* Work instruction
This exercise calls for retyping every line below exactly, with the images omitted.

╭─ Data section

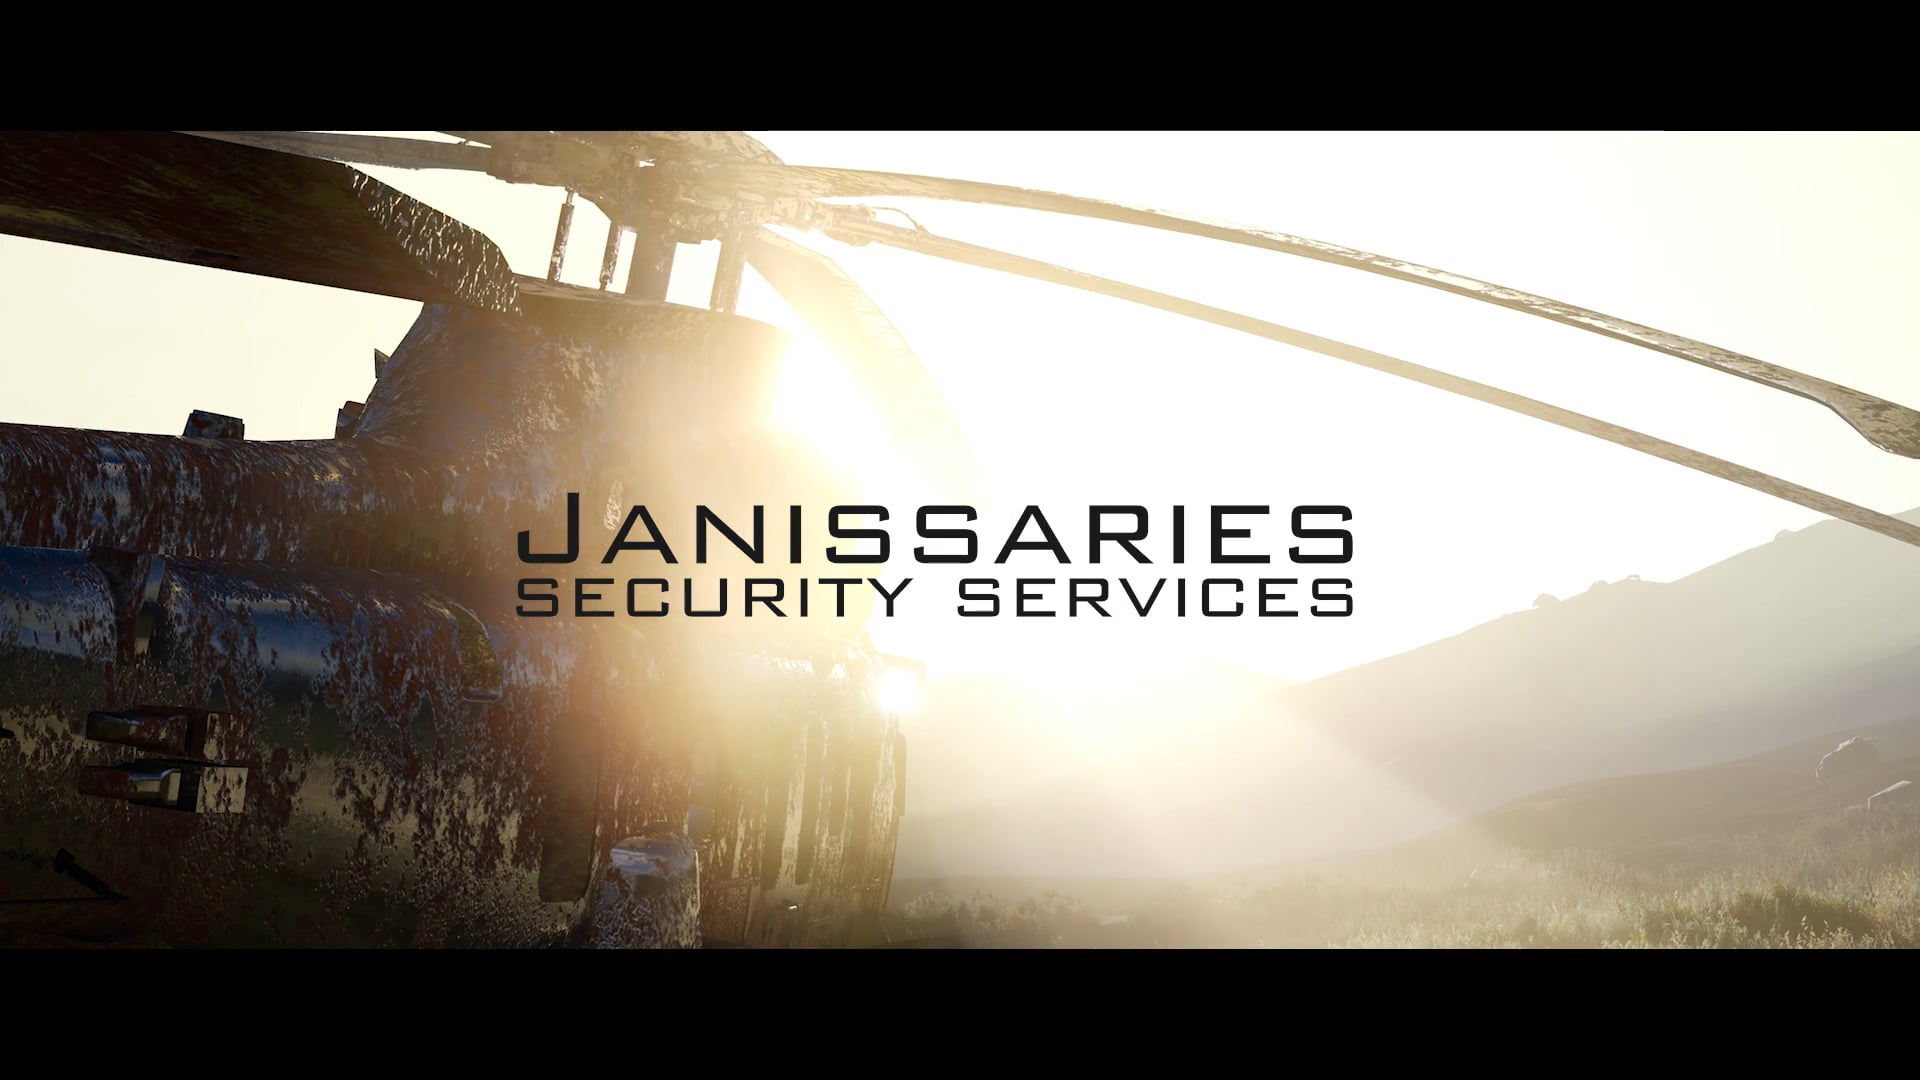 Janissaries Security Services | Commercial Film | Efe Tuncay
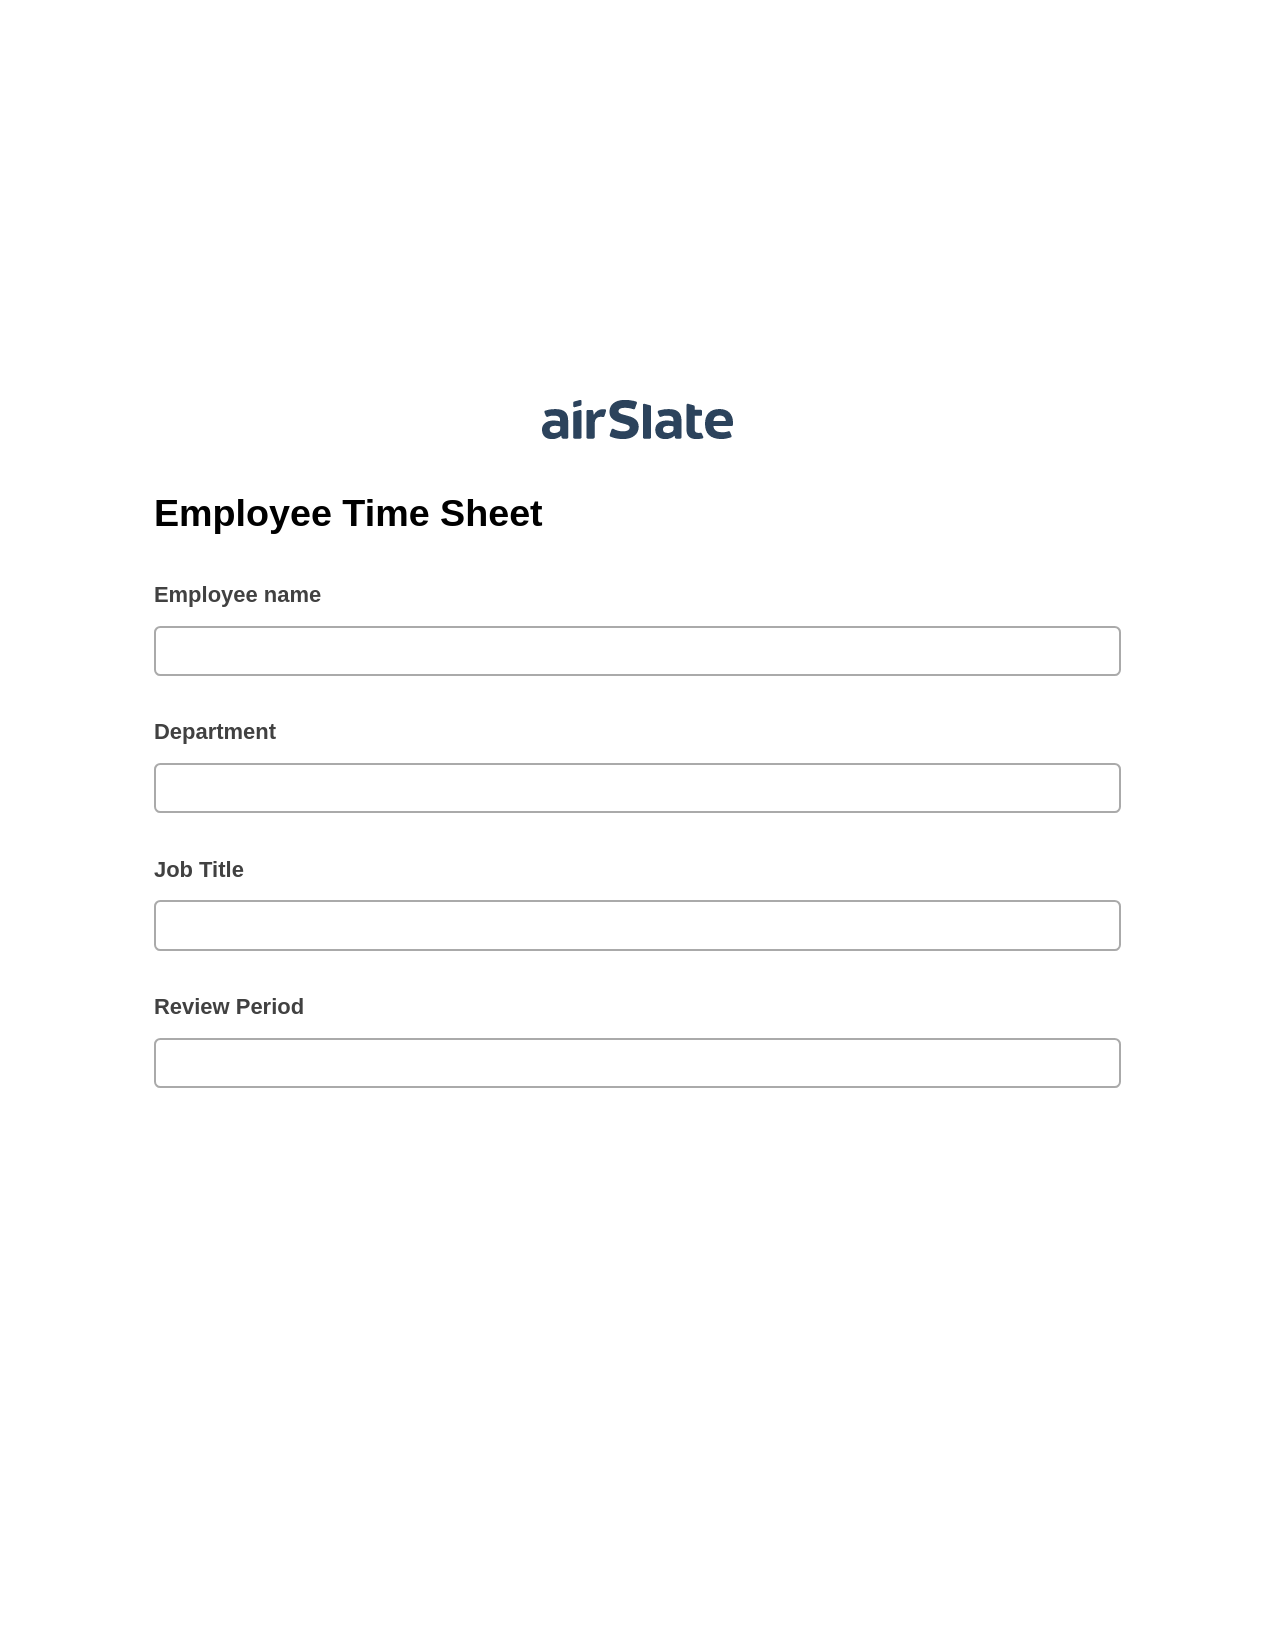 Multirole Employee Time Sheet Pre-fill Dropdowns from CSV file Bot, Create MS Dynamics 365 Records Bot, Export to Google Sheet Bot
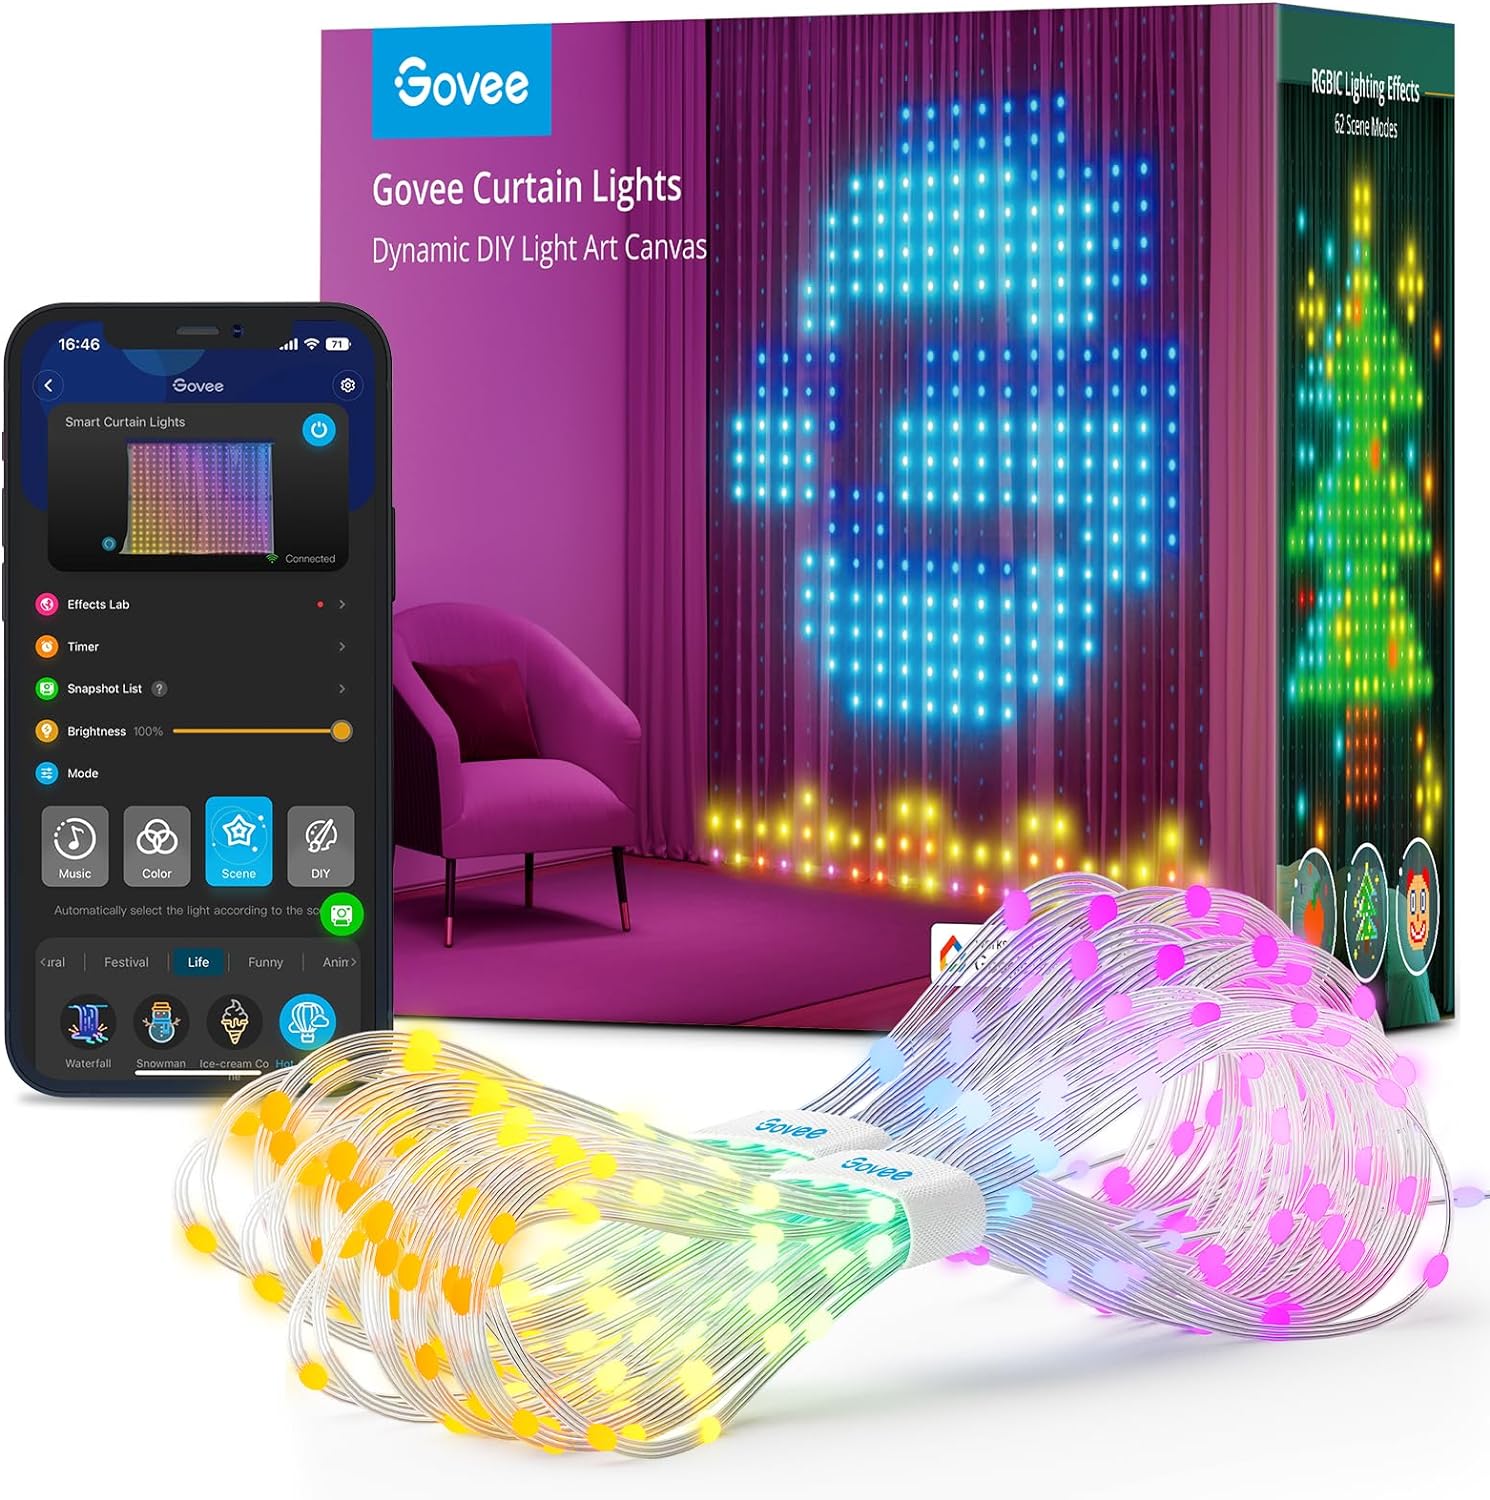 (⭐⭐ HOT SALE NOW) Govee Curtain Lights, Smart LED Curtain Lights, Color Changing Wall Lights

╰─

* Written solution
 Janissaries Security Services | Commercial Film | Efe Tuncay
 Multirole Employee Time Sheet Pre-fill Dropdowns from CSV file Bot, Create MS Dynamics 365 Records Bot, Export to Google Sheet Bot
 (⭐⭐ HOT SALE NOW) Govee Curtain Lights, Smart LED Curtain Lights, Color Changing Wall Lights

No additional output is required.